I just wanted to say that I really appreciated how you handled the [pluralism] question from this most recent writer. I think you did so gracefully and lovingly, and in a way that encourages a way of being rather than a mere acceptance of where he is currently in his feelings and thinking.
I find myself in a similar tension, having started an intentional spiritual community in [the Pacific Northwest] where not all of us are Christians. Originally the intention was for the community to be made entirely of Christians, but a friend of ours who is a [post-Christian] lesbian was moving to Portland and really wanted to live with us and be a part of our community.
My wife and I spent a long time sitting with this, even though up front we both wanted her to come and live with us. We didn’t want to compromise on our house being intentionally communal and spiritual. And, it was challenging to consider how to lovingly encourage her to participate with the vision and mission we were started on, without having her feel pressure to convert back to a religion that had hurt her terribly.
Eventually we settled on some thoughts that we hoped would frame what living in an intentional spiritual community would look like, and we put them out to everyone who wanted to live with us, not just her:
1. Being a part of the spiritual community meant that we would all be moving in the direction of God as we currently understood Him/Her to be.

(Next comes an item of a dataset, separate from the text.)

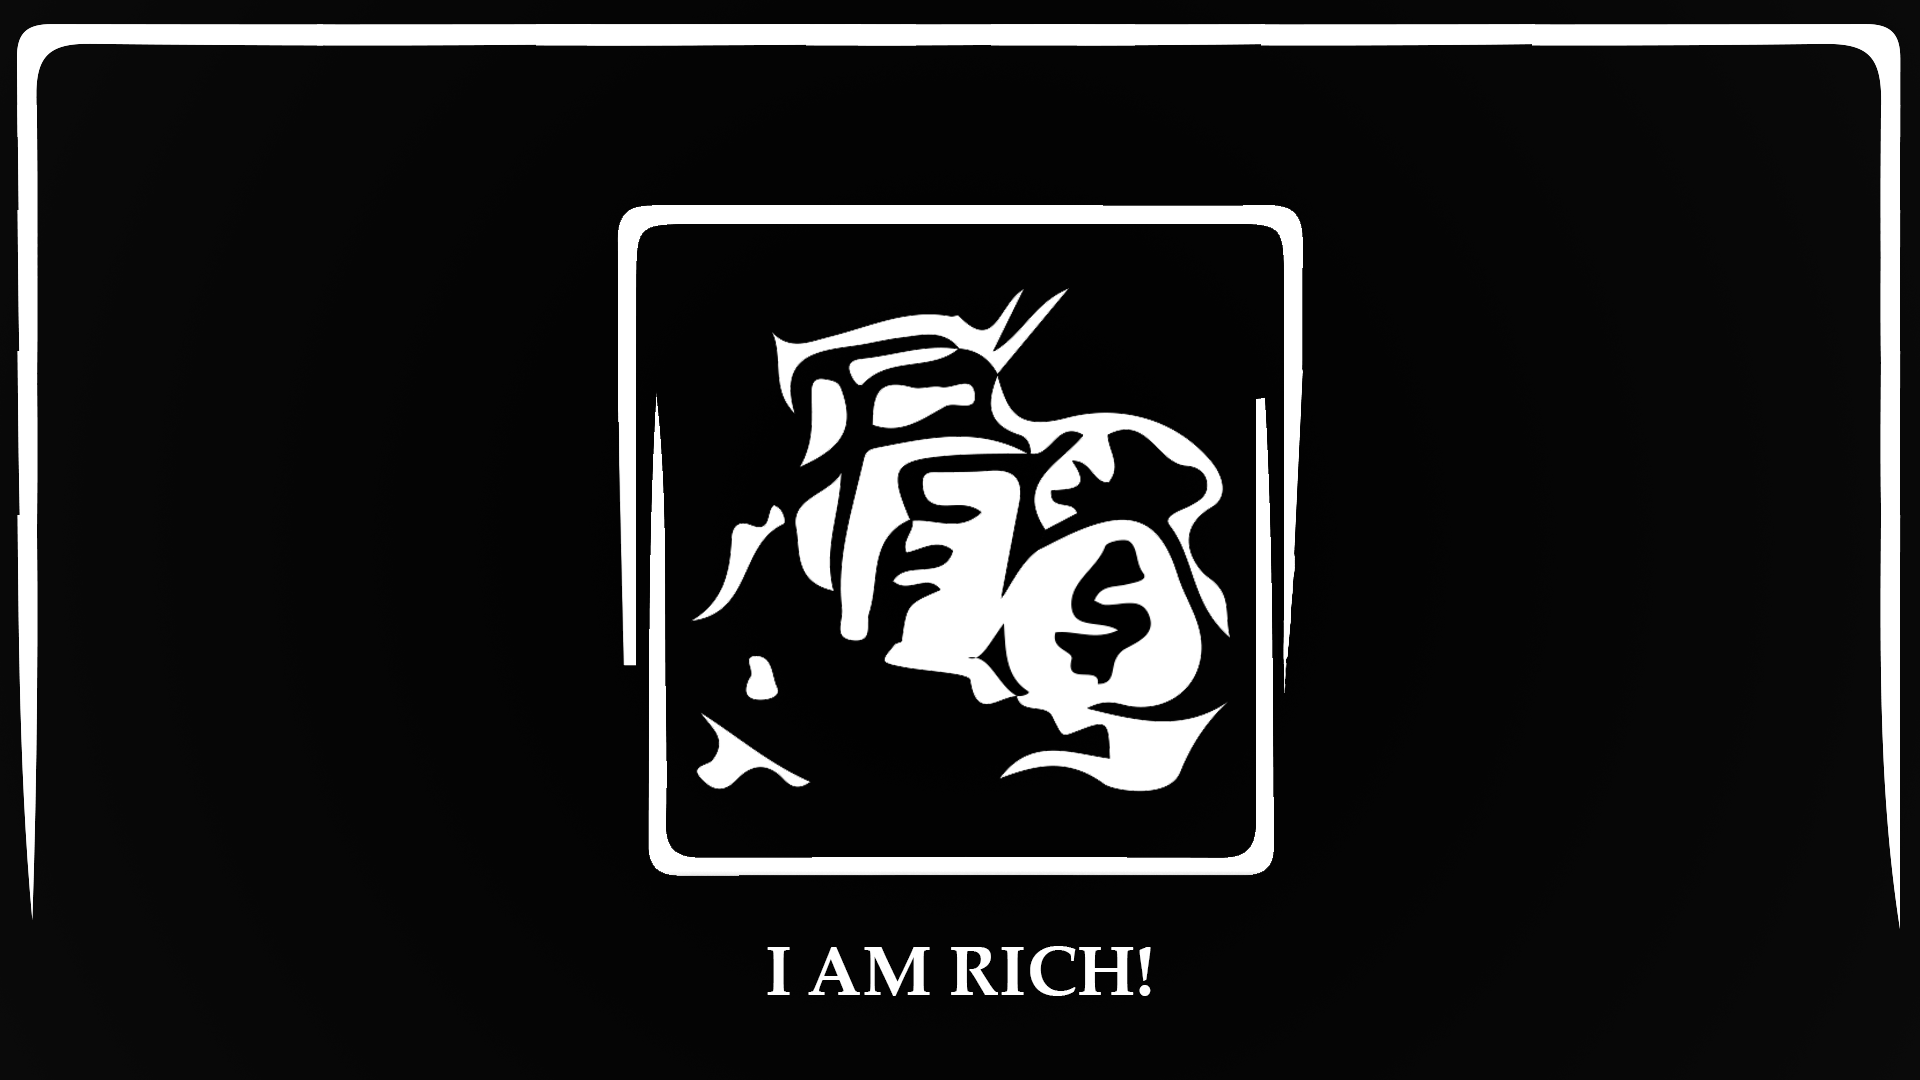 I AM RICH!

2. There were certain things, mainly sexuality and drugs, that we wanted to be absent from our house out of a desire to make the community a place of health and healing for anyone and everyone who passed through our doors. Of course if anyone wanted to engage in any of the above, they didn’t have to feel compulsion to live by these outside of the home, it is simply meant to be a way of living within the house.

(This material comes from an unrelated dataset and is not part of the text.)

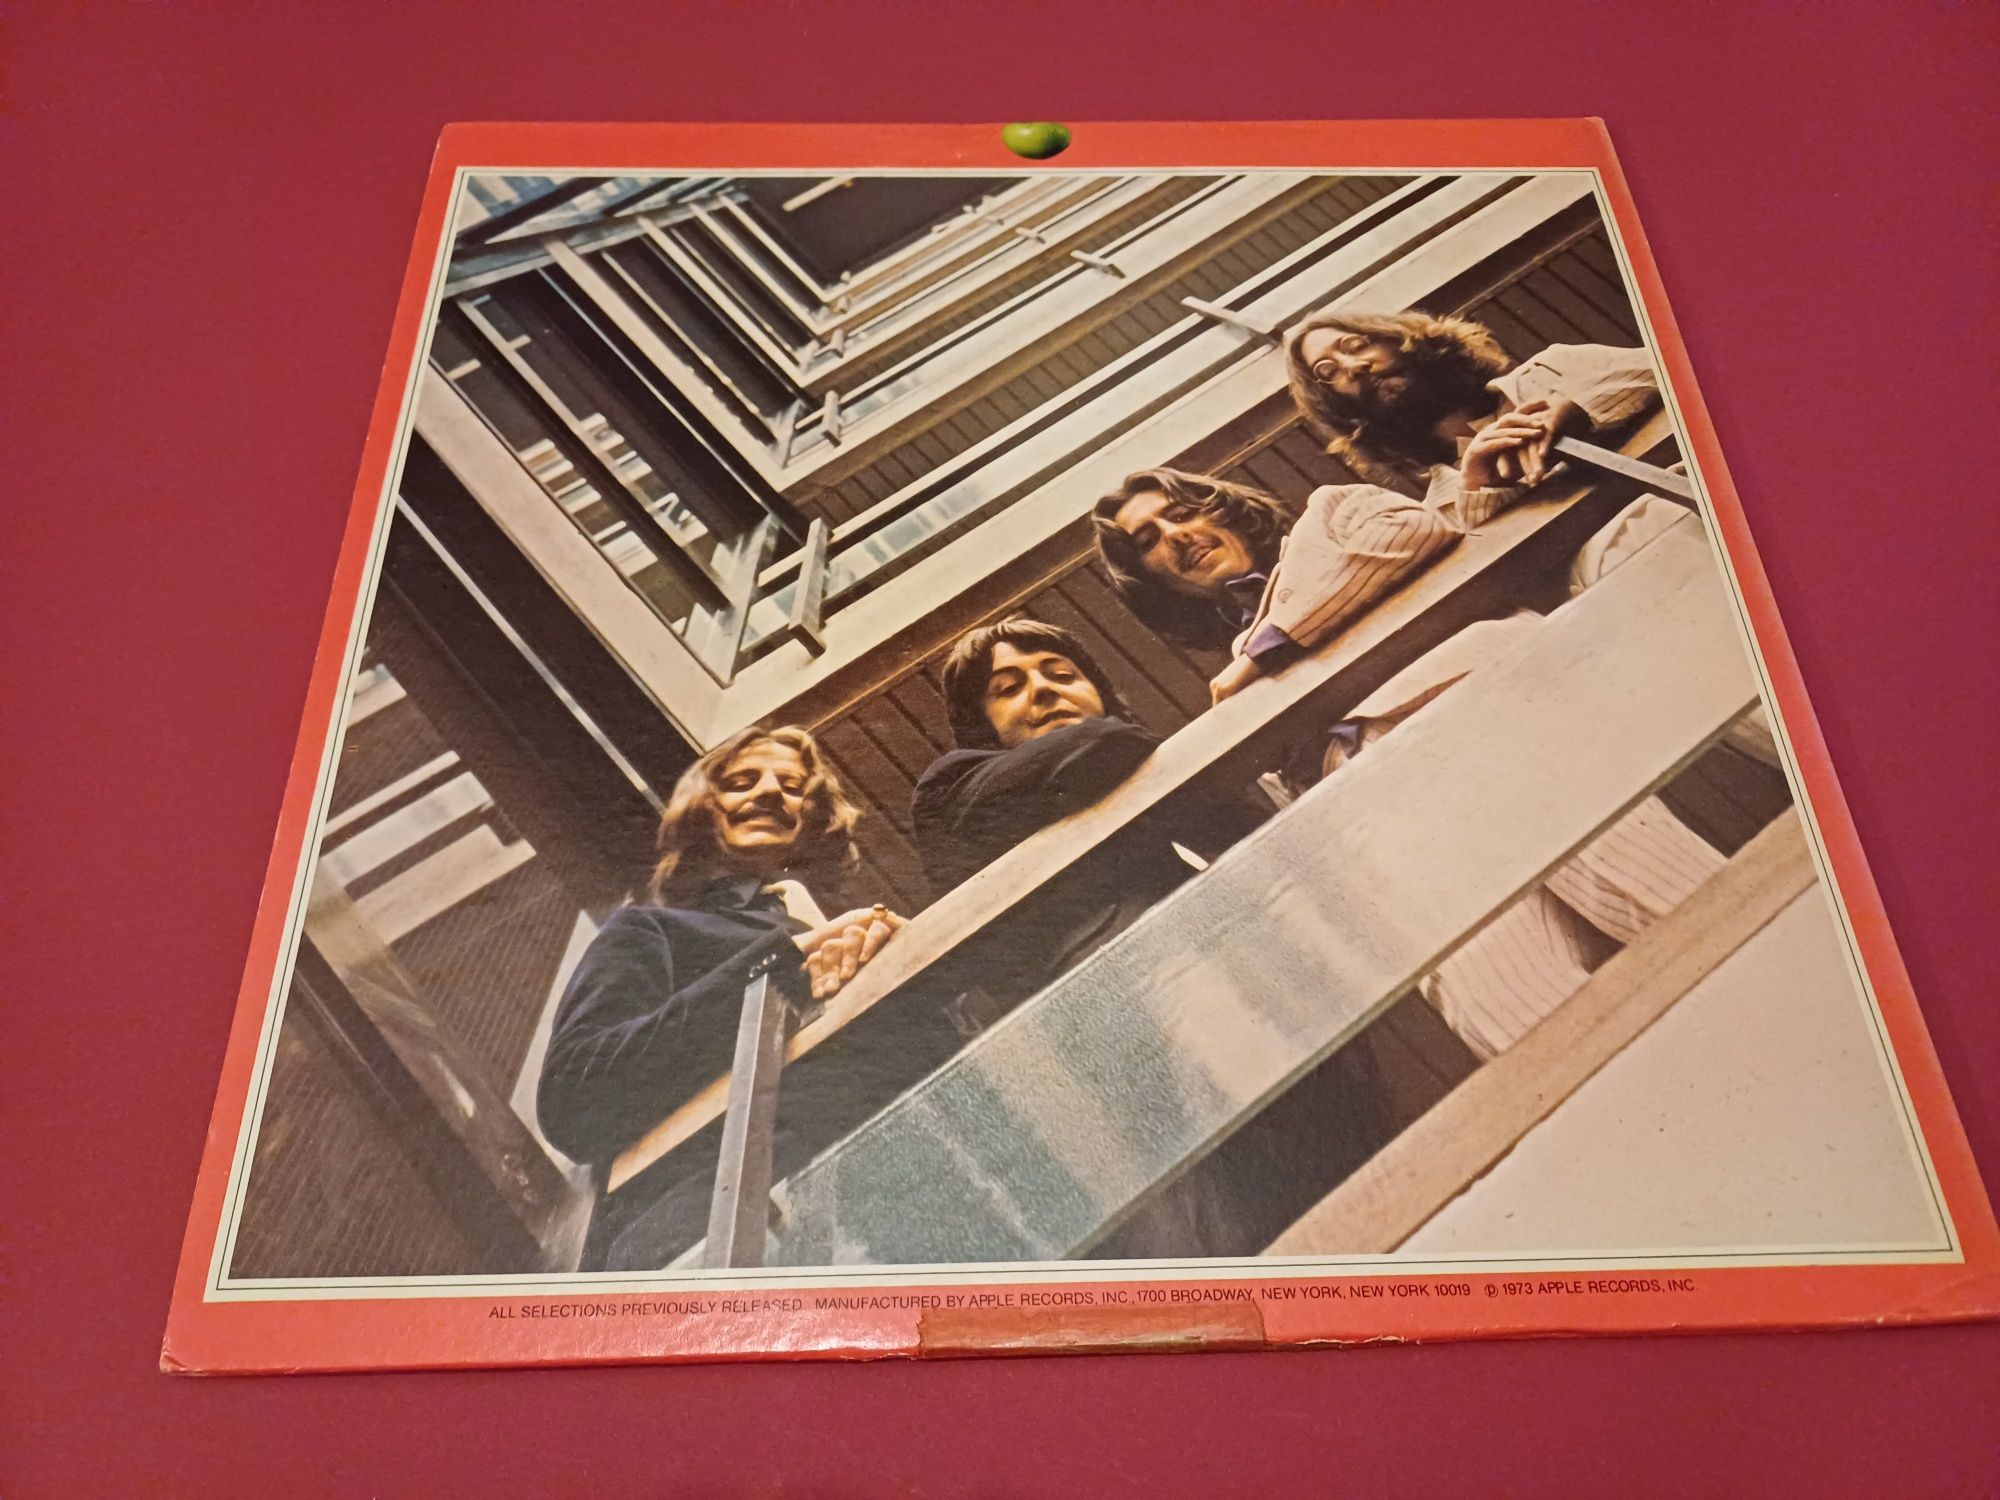 The Beatles- płyty winylowe 2 lp

Our hope was that these would help everyone be able to engage in our mission – to partner with God in bringing about the kingdom within our house and outside in our neighborhood as we felt invited.
But even then it has been a challenge – for our friend who is a lesbian, it is hard for her to feel our acceptance without us declaring anything and everything okay. I feel like there must be a third way, and I’m worried we might have missed it in how we went about it. What are your thoughts?
Here’s the R:
First, I commend you for struggling with this issue. I was just telling my wife the other day the struggle I feel … knowing that in many Christian communities, I would not be welcome because I have expressed some nonconventional views in my writings. I don’t begrudge any community their prerogative in deciding whom to exclude – but my own experience over these last few years since leaving the pastorate has sensitized me to how it feels to know the number of churches where one could be both honest and welcome is significantly reduced.
Second, I wrote on this subject a bit in The Secret Message of Jesus. I talk about purposeful inclusion there … which might be helpful to your thinking.
Third, I think this is exactly the kind of issue Paul dealt with in the early church. It’s what 1 Corinthians 9-14 and Romans 12-13 are dealing with. This would be a good time to prayerfully re-read those chapters.
Finally, I hope that others will offer their insights. How do various Christian communities deal with this issue of whom to exclude and how to include difference? This would be a good topic of conversation over at my facebook page.
Thanks again for writing. What you learn through your experimentation will help us all.